Explore Famous Instruments And Get Your Rock and Roll On In NYC This Spring

If you’re looking for somewhere to take your little rock stars in 2019, plug them into New York City’s Metropolitan Museum of Art this spring.  Some of the most iconic rock and roll instruments in rock and roll history will be on public display at the New York Met, starting April 8th. The Play It Loud: Instruments of Rock and Roll exhibition will explore one of the most influential styles of music of the 20th century, through the instruments that made it possible.

Highlights of the exhibition include Motown legend James Jamerson’s upright bass, Keith Emerson’s customized keyboards and Keith Moon’s drums, but the stars of the show are likely to be the electric guitars, many of which have never been on public display, apart from when they were being played on stage.

Let’s turn the spotlight on some six-string celebrities, the most famous guitars of the stars:

CHUCK BERRY’S GIBSON ES-350T

Back in 1958, Berry picked up the slimline Gibson ES-350T, an electric guitar powerful enough for a player who absolutely played it loud, but light enough for his energetic on-stage antics. Berry certainly played this Gibson, with its narrow frame and rosewood fingerboard, like he was ringing a bell, a clarion call for teenagers from all backgrounds to wake up and rock out.

Berry used this guitar to record Johnny B. Goode, then played it live hundreds of times. The song, written by Berry, tells the tale of a simple country boy who lives in poverty, has no education, but has a natural talent to play the guitar, learned by sitting at the side of the railroad track and copying the rhythm of the passing trains. The song’s message was simple and seductive: dream big, kids.

It told the teens of the late fifties that, if they wanted to see their name in lights, it could happen for them, if they could simply pick up a guitar and play.

Of course, while Berry took the credit for the song, we all know who really played it first: Marty McFly, back in 1955.  Fun fact: The guitar Marty uses in Back to the Future is actually not the 350, it’s the semi-hollow Gibson ES-345, which wouldn’t be released until 1958, the year of Berry’s Johnny B. Goode.

ERIC CLAPTON’S BLACKIE

Eric Clapton likes to give his guitars names, possibly because he feels that he has a relationship with them. Influenced by the likes of Buddy Holly and Jimi Hendrix, Clapton abandoned his beloved Gibsons, named Beano and The Fool, and in 1970 picked up his first Fender Stratocaster.

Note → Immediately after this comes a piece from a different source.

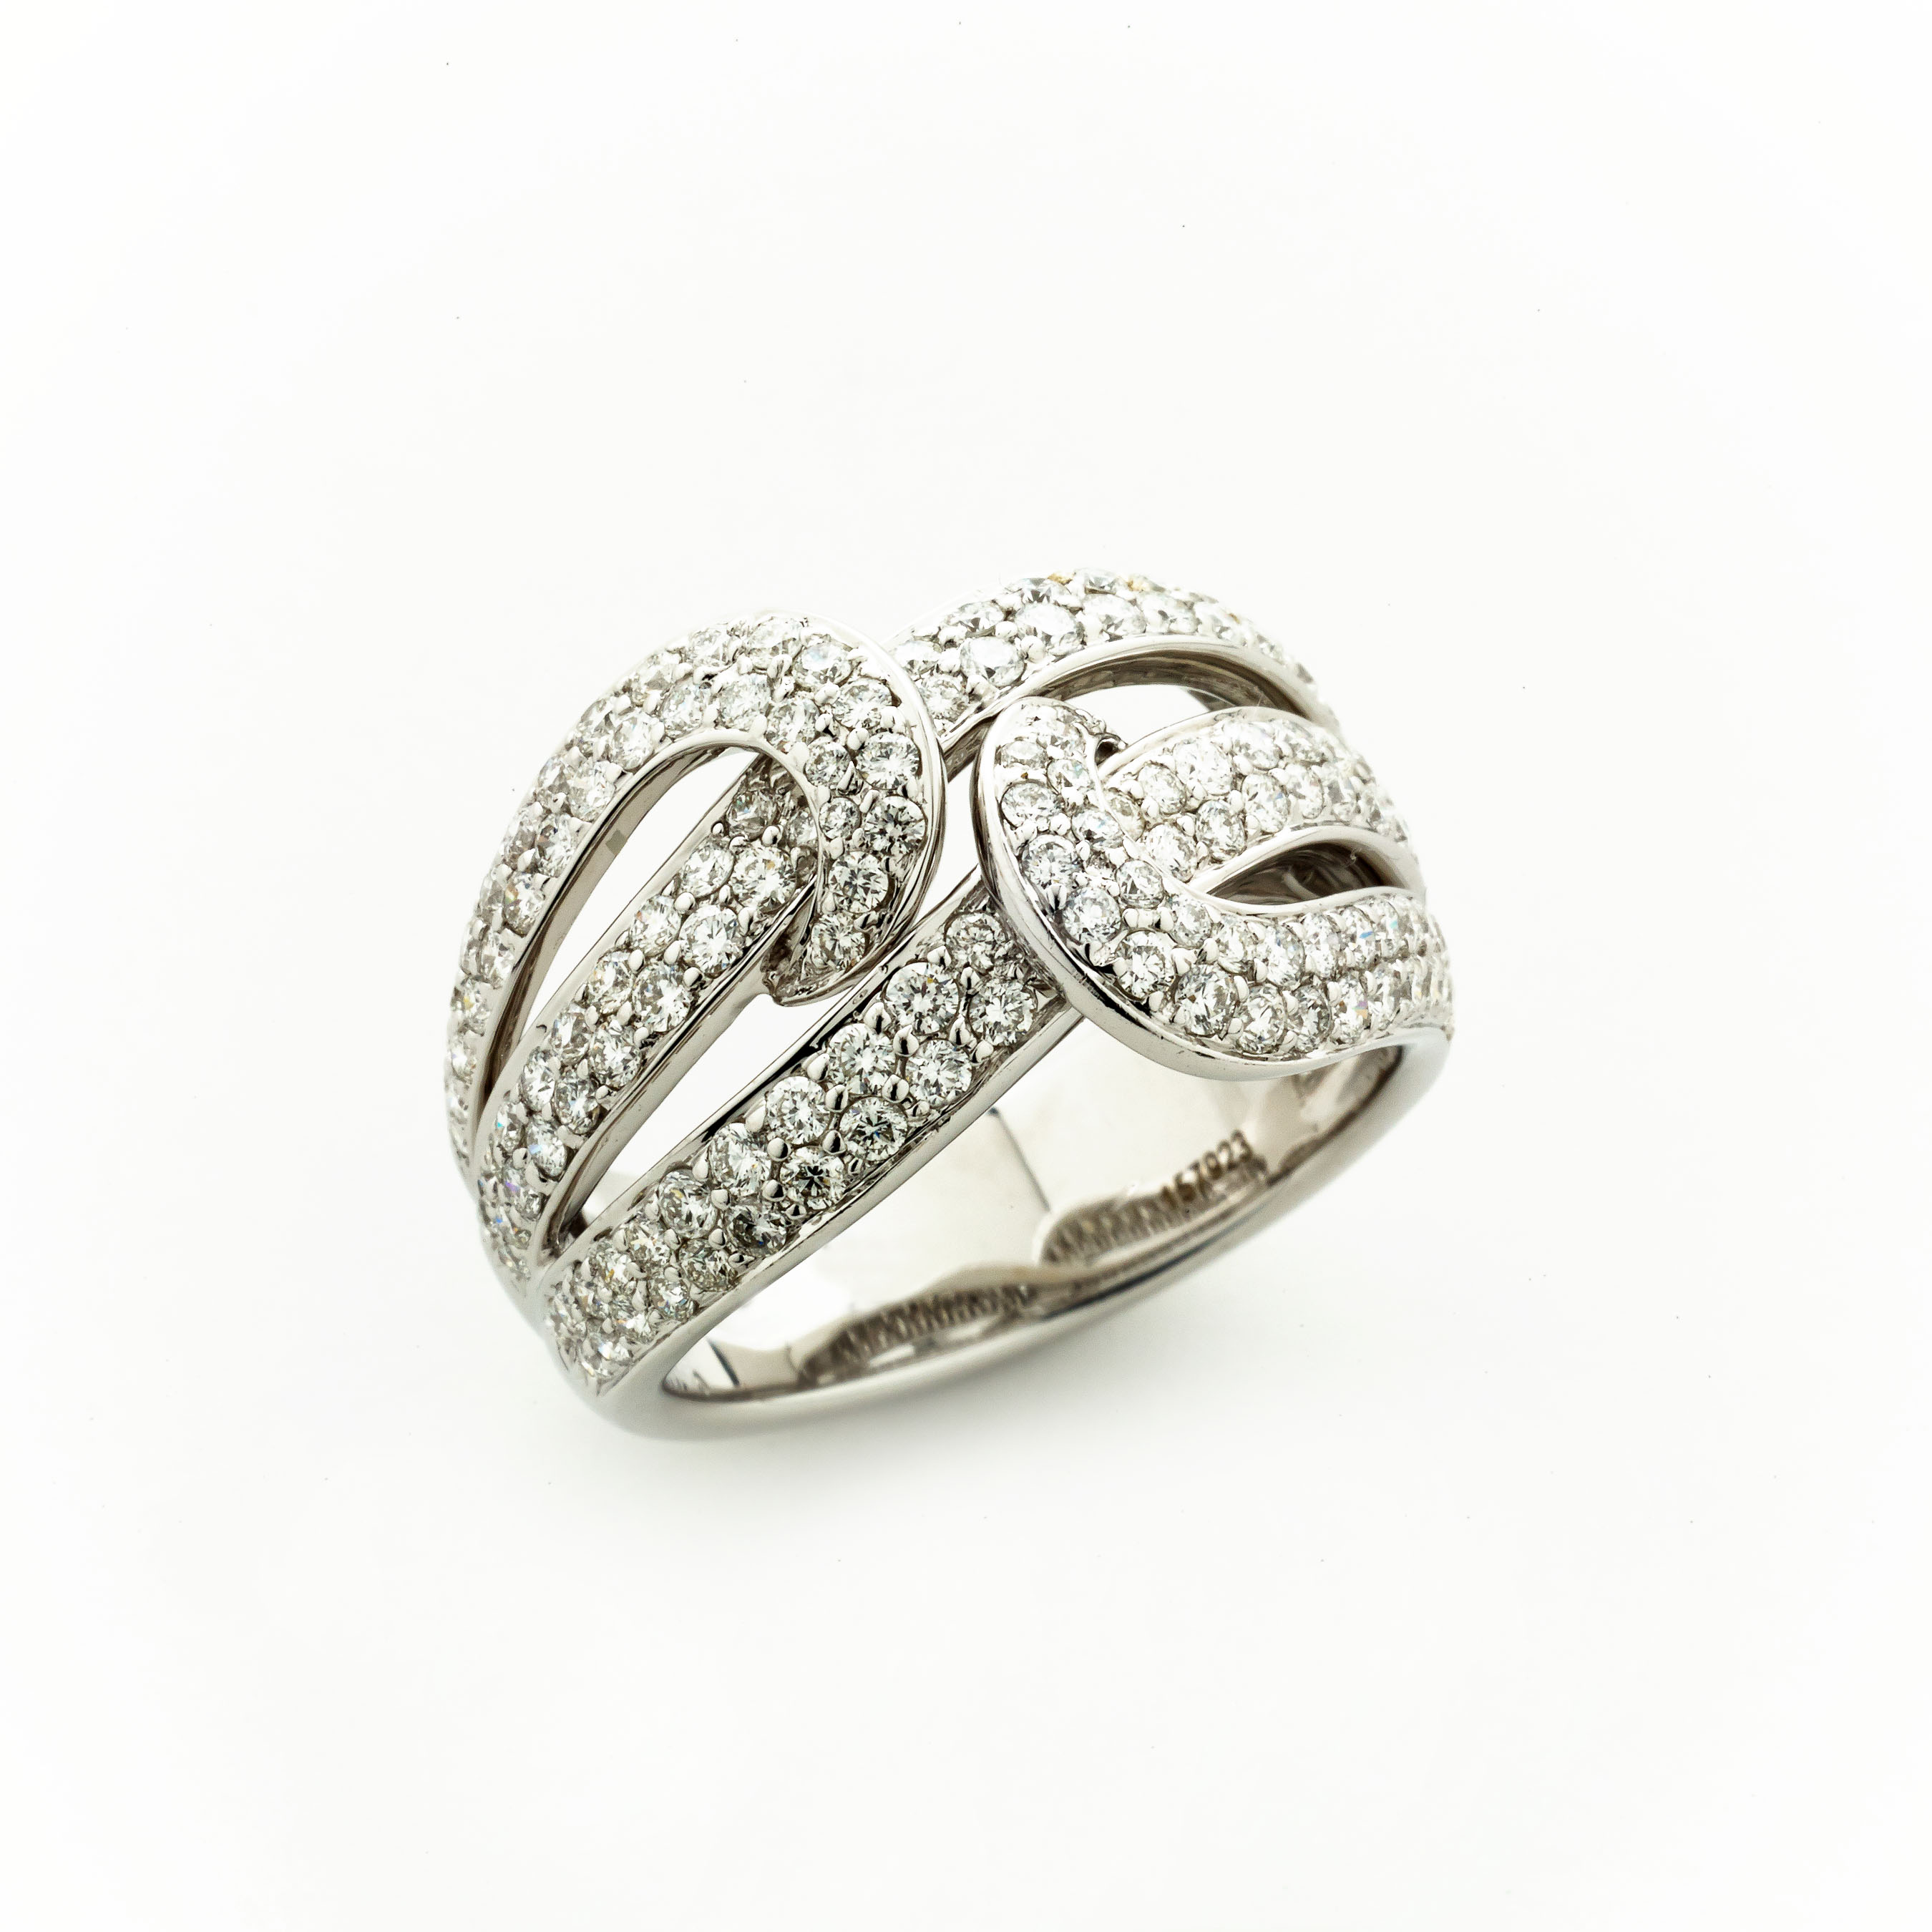 "Swirl"" Diamond Ring Elizabeth Bruns Inc"

He first played Blackie—the Strat you’ll find in The Met—in 1973, and it was actually built from the best bits of three other guitars. He named it Blackie for its black finish, and came to think of the guitar as a part of himself, like an extra limb. Clapton played Blackie in the studio and on stage, for many years, such as when he appeared with The Band in Martin Scorsese’s film The Last Waltz.

He also used it to record many Clapton classics, like I Shot The Sheriff, Wonderful Tonight, and on several live recordings of Layla. In 2004, Blackie was bought for the then record-breaking sum of $959,500, with proceeds going to Crossroads Centre, the addiction rehab center set up by Clapton on the Caribbean island of Antigua. The music legend credits the island for his own recovery from addiction.

EDDIE VAN HALEN’S FRANKENSTRAT

Like Clapton before him, Van Halen wasn’t satisfied with commercially available guitars, so made up a guitar of his own from parts of others. In his case, he wanted the cool look of a Strat, with the classic sound and whammy bar of a Gibson.

He then painted the guitar using strips of tape as masks, to create the trademark fractured stripe effect. Van Halen called his Gibson-Fender construct ‘Frankenstein’ and, given his trademark technique of making his guitar strings talk, he could certainly claim “it’s alive!”

Of course, the one you can buy commercially today is better known as The Frankenstrat.

ST. VINCENT’S MUSIC MAN

In case you thought playing electric guitar was just a boys’ club, you’d be wrong. In 2016, Annie Clark, of St. Vincent fame, designed her own guitar, which has been applauded for better fitting the female form. But if you thought that meant the ironically named St. Vincent Music Man was an instrument only for girls, you’d be mistaken again: Jack White of The White Stripes fame played one live, in 2018.

 

 

 

DON’T FORGET: PLAY IT LOUD AT THE MET!

Be awestruck and inspired by more than 130 famous instruments like these, including other such legends as The Beatles and Elvis Presley, showing at The Metropolitan Museum of Art’s Play It Loud exhibition. For parents of budding musicians and music fans alike, the exhibition is sure to impress. Catch it in New York City between April 8th to October 1st, 2019 before it travels to the Rock & Roll Hall of Fame in Cleveland, Ohio.